Below, some lines carry pictures; leave those pictures out and retype exactly the lines from the one with "Christmas Word Scramble" through the one with "Mount Sinai Beth".

INPUT DATA Block Start

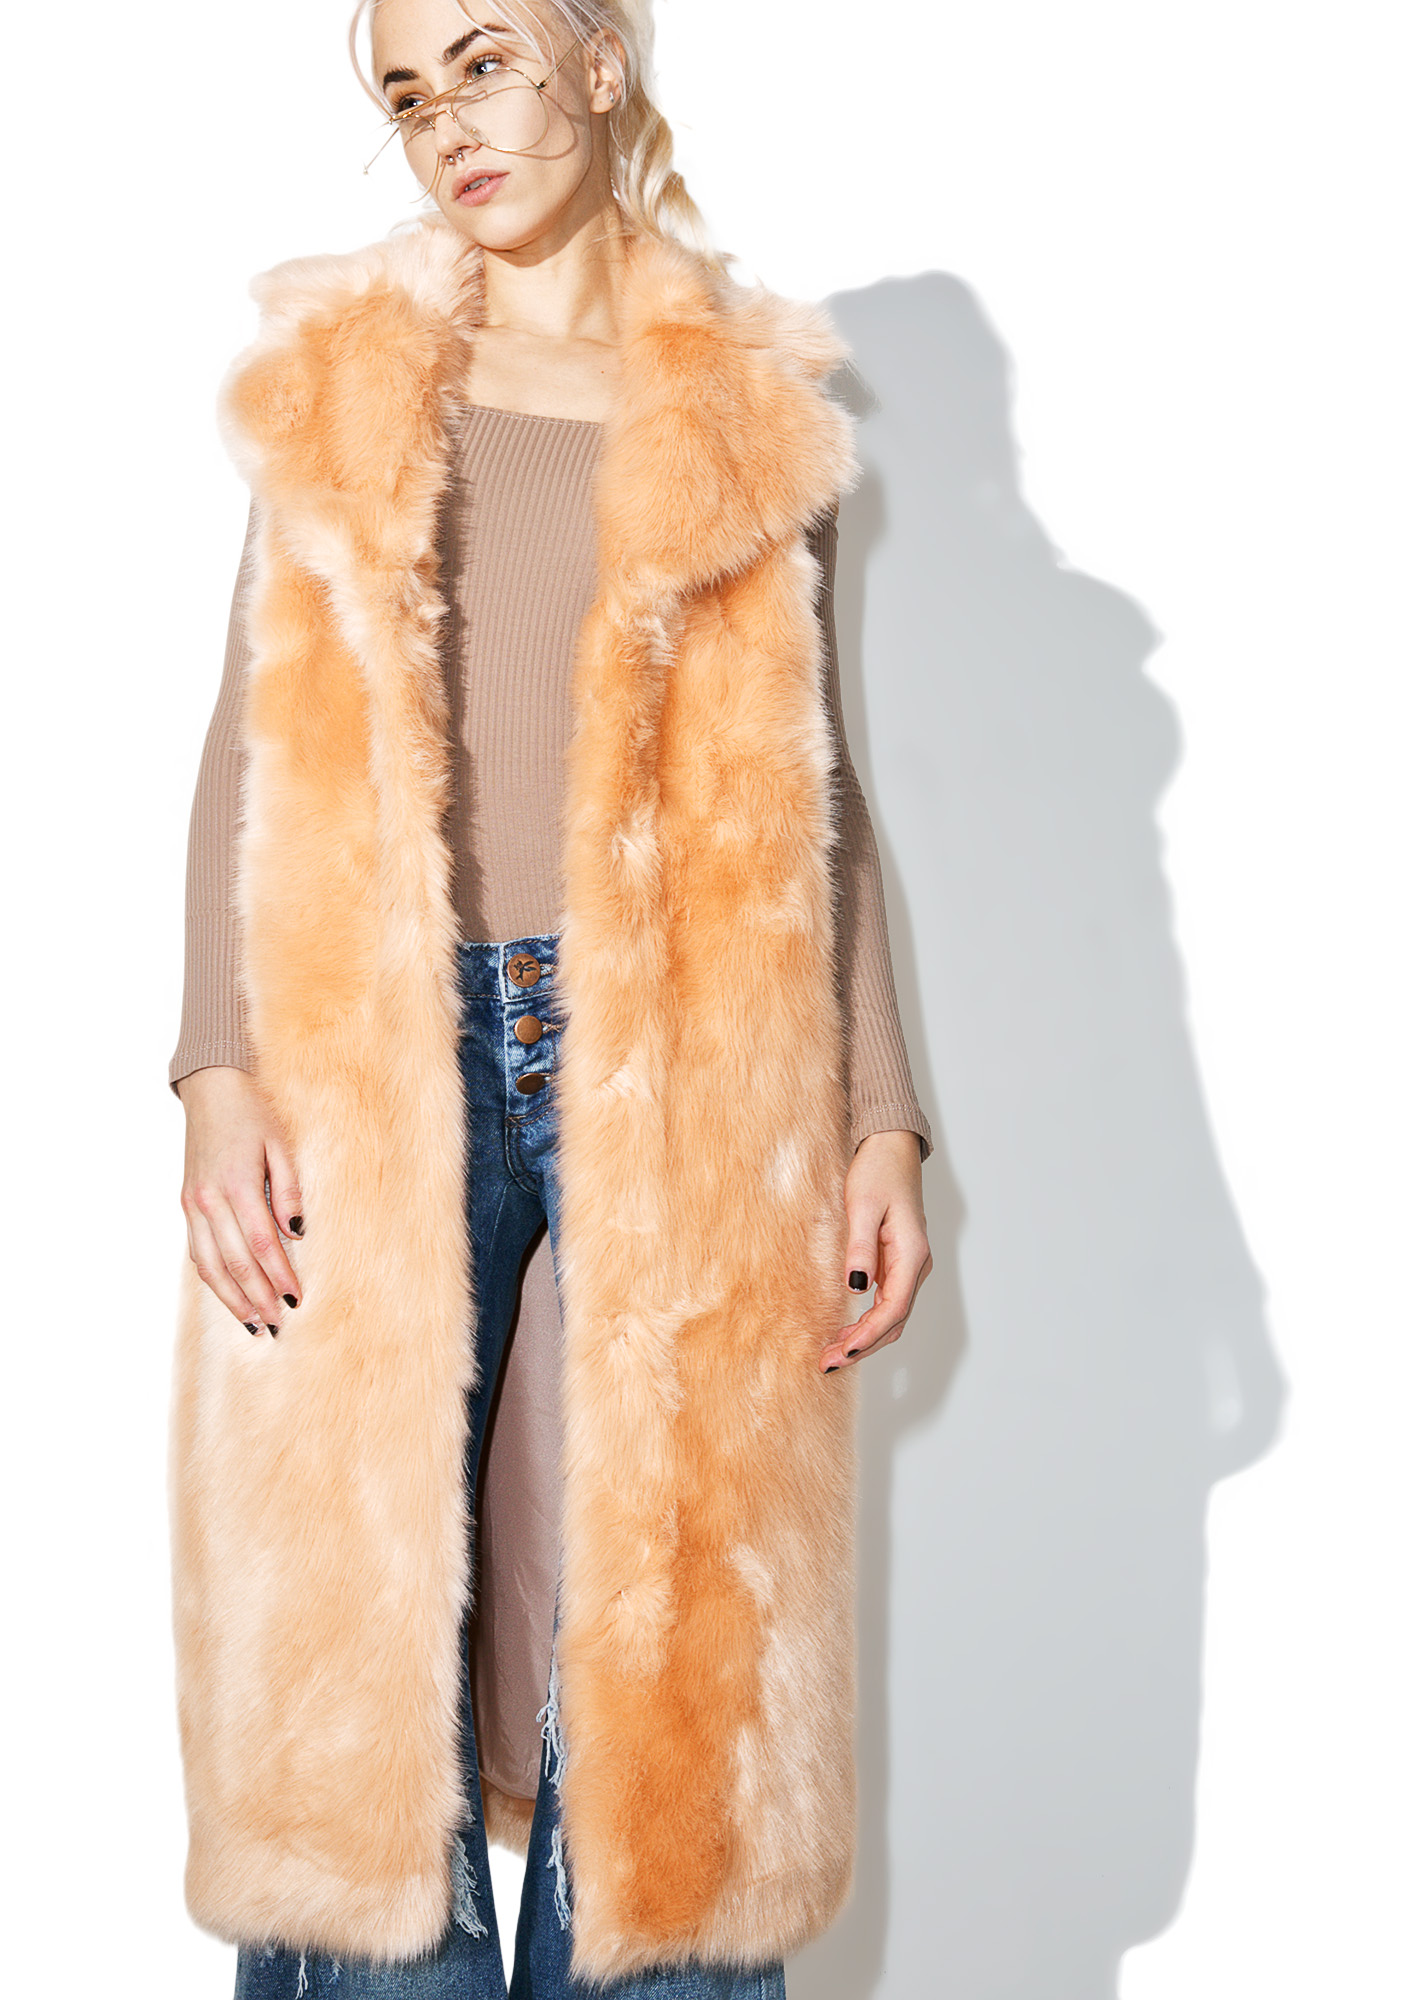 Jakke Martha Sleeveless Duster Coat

INPUT DATA Block End
INPUT DATA Block Start

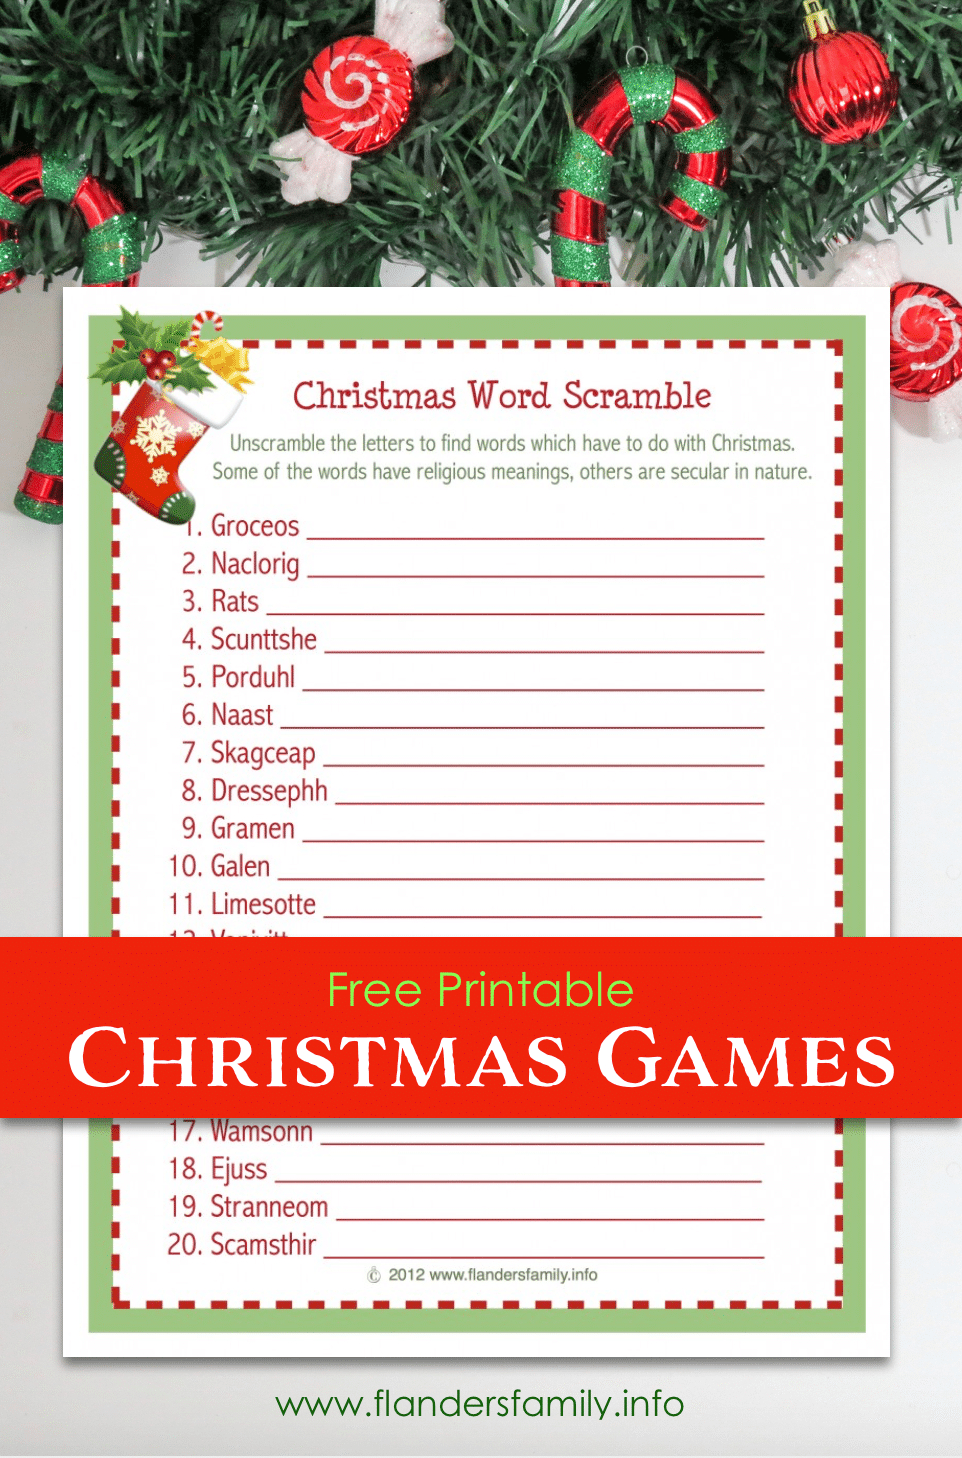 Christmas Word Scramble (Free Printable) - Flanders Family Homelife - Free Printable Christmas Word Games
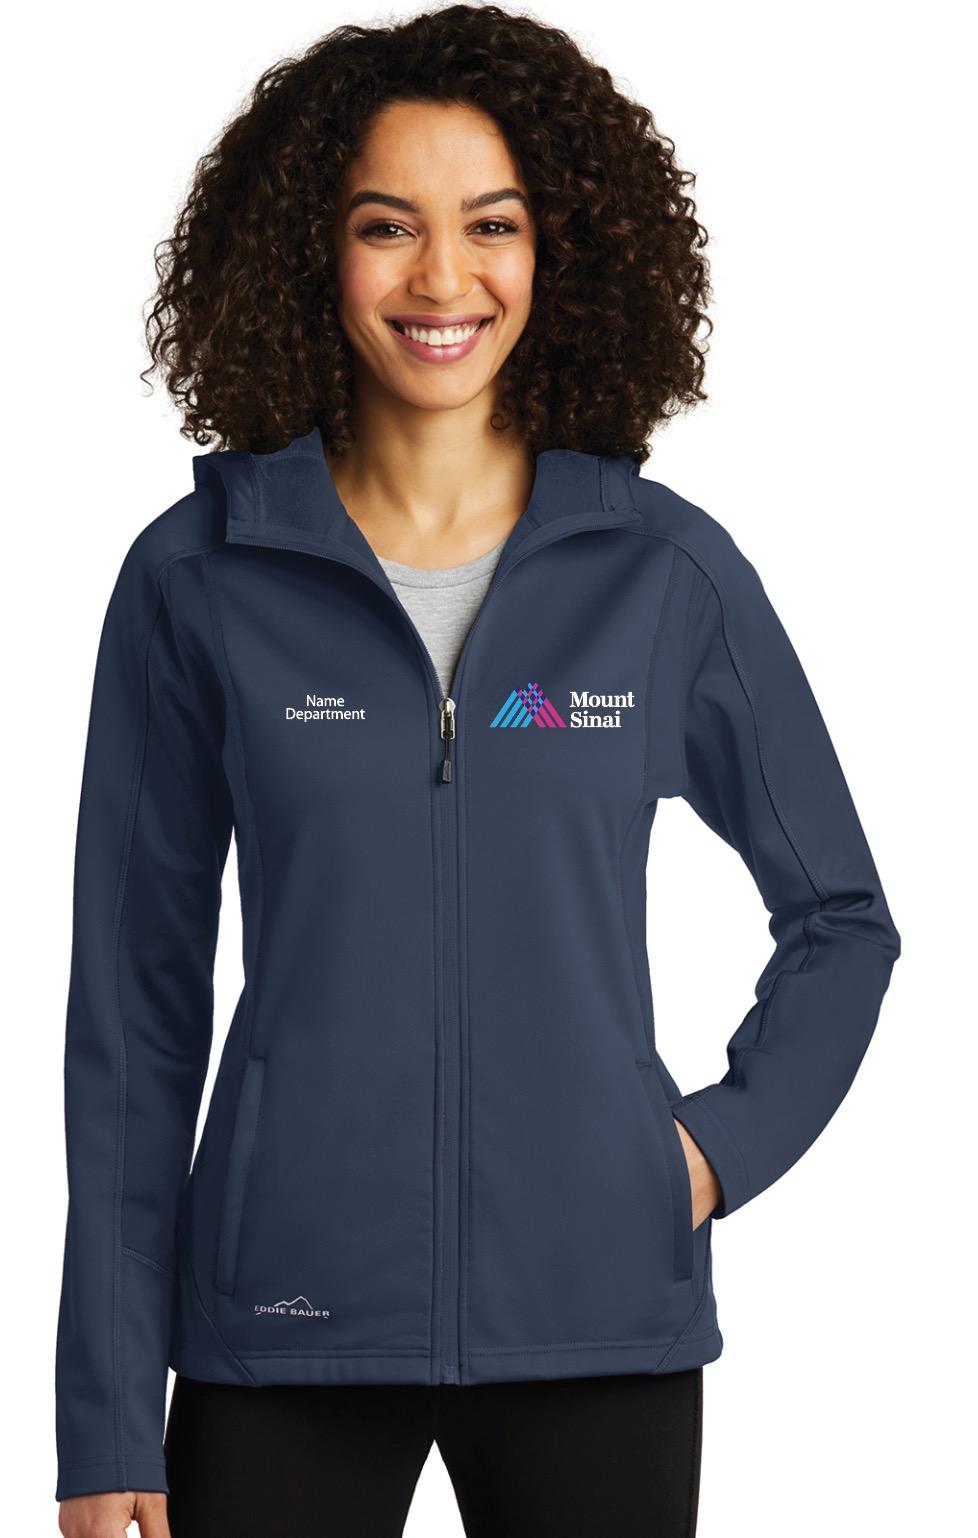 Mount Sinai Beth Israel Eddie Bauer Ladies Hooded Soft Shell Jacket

INPUT DATA Block End

◆ **EXERCISE RESULT**:
 Christmas Word Scramble (Free Printable) - Flanders Family Homelife - Free Printable Christmas Word Games
 Mount Sinai Beth Israel Eddie Bauer Ladies Hooded Soft Shell Jacket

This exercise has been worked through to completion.